1. Generate two random graphs of 700-900 nodes where each node has at least four neighbors.
2. Pick three nodes from each graph, grouping them so you have three pairs of nodes (one node from each graph in the pair).
3. Join the pairs of nodes to form the bridge between the two graphs.

Here's a portion of the input:

xbd: vwx taq mzb
abz: kvz pau yyt taq kzi rsp
ctv: hjv lal
uls: mvp esd gpd qel epd
vuu: bbf lep ncy pmz bps qts vrt qzr
nvz: xkf vvb dub ypp xsd doe
xss: hmh lfj nyo guv nrs sep
mce: tmr laf ifq gcx zsm miu qyu boy yig xom
yog: elx wwz ied cst hee caz
the: tmh sqb
ifq: mce xsd cio yqd dlg qns pib
lly: kkt qzq oqe
hps: imj qix zhr ffc lqy ged
xgd: udu gpd
uhd: web zcb csk vzj won
kvz: ilx wig rpn
kpi: tiy sqb phe jgt hqa dax bqr
iym: rle fna prh hcw dpv
owf: rwj
mvp: uls deb lvt dax dgp ebz sck
gpn: drc idw mfz ymx
rtm: wkk ysu grv vaj
nnk: nit lac krv mva tmq
zij: jrp mws ivs
zvc: mqv ljl qwo hst
tgs: fvr dcp vrt ywi

Some closing thoughts.

While I wish there was an official way to get access to more inputs to test with, attempting to generate my own inputs has given me insights into problem construction and solution constraints that will likely aid me in future AoC years, as well as if I decide to create a answer-oriented challenge of my own at some point in the future.

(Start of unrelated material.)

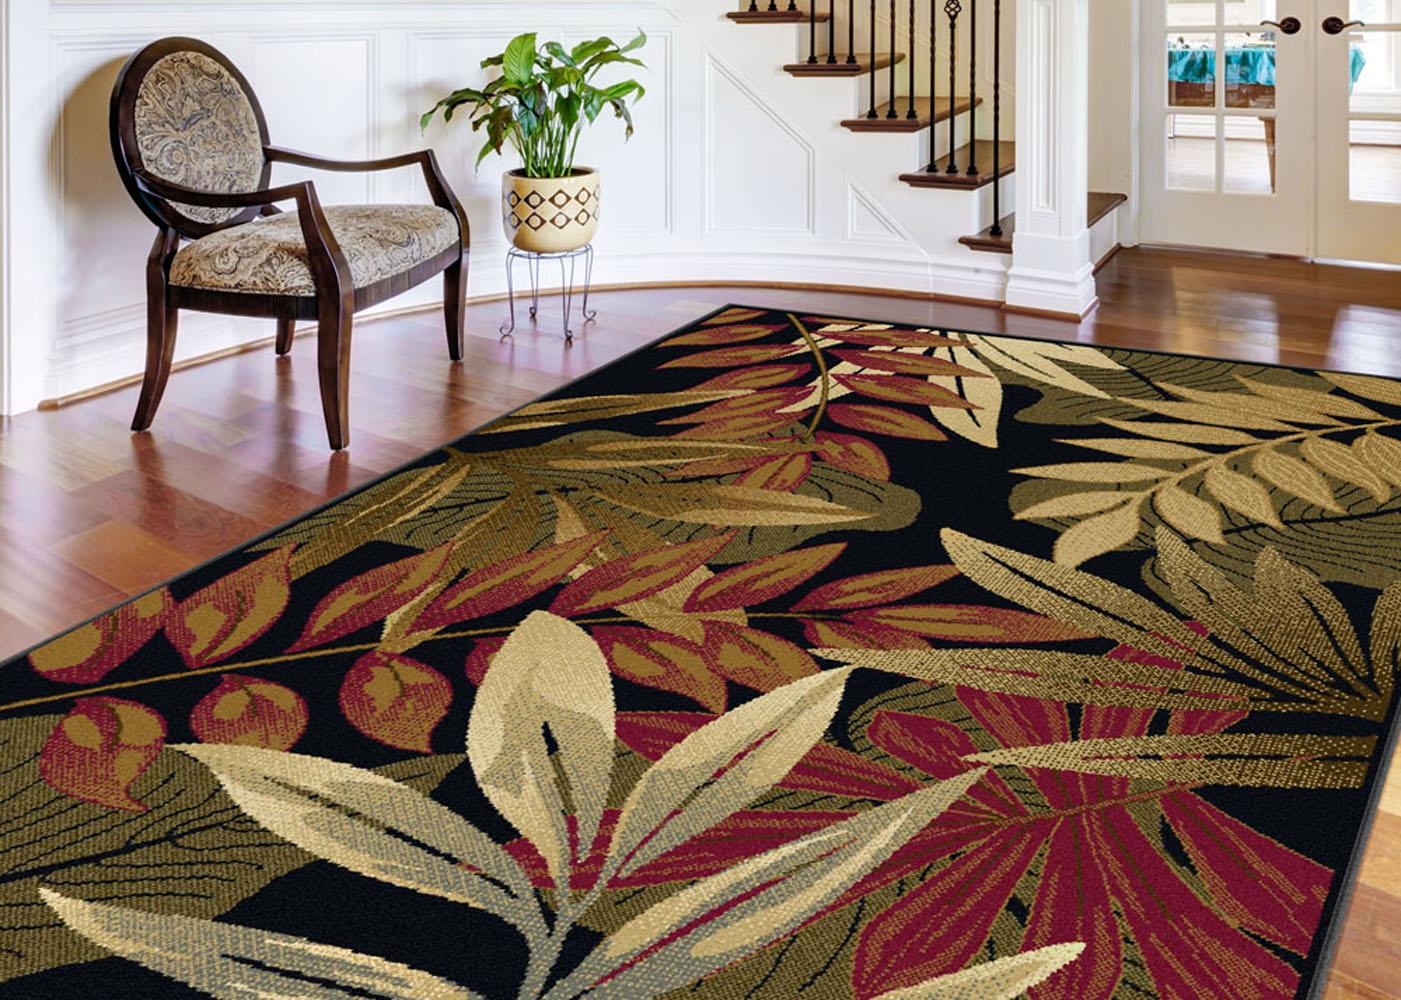 Black Transitional Floral Area Rug Tropical Multi Color
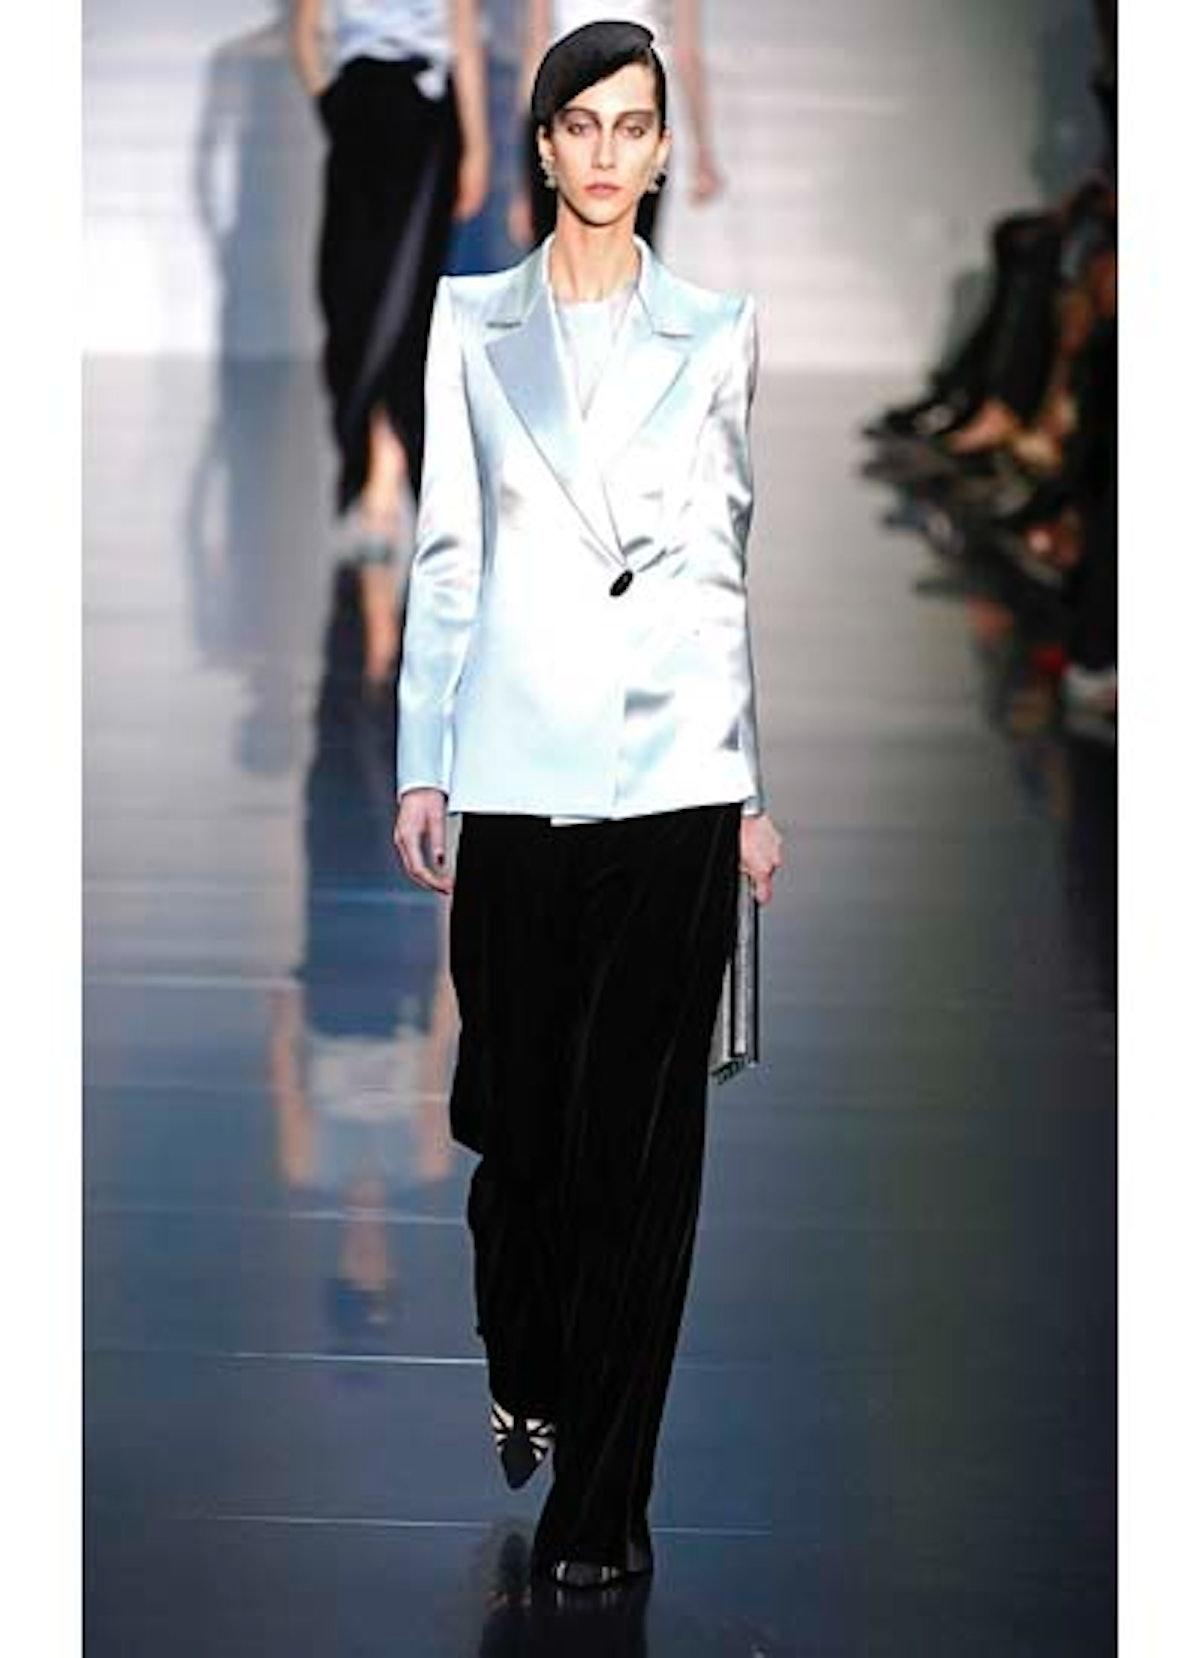 fass-giorgio-armani-couture-2012-runway-12-v.jpg

In creating these inputs, I discovered bugs in my real solutions that I would have otherwise missed because of some artifact of the real input generation algorithms. My range splitting for day 19 was actually wrong, but passed for my input, and my day 24 accuracy isn't sufficient to solve all generated inputs. I suspect other people would benefit from these insights/inputs as well (if that was something they cared about).

Lastly, I can't guarantee my inputs will always be valid or that there aren't edge cases that I've missed, but I consider this a reasonable attempt at reverse engineering/approximating the input generation for most days this year.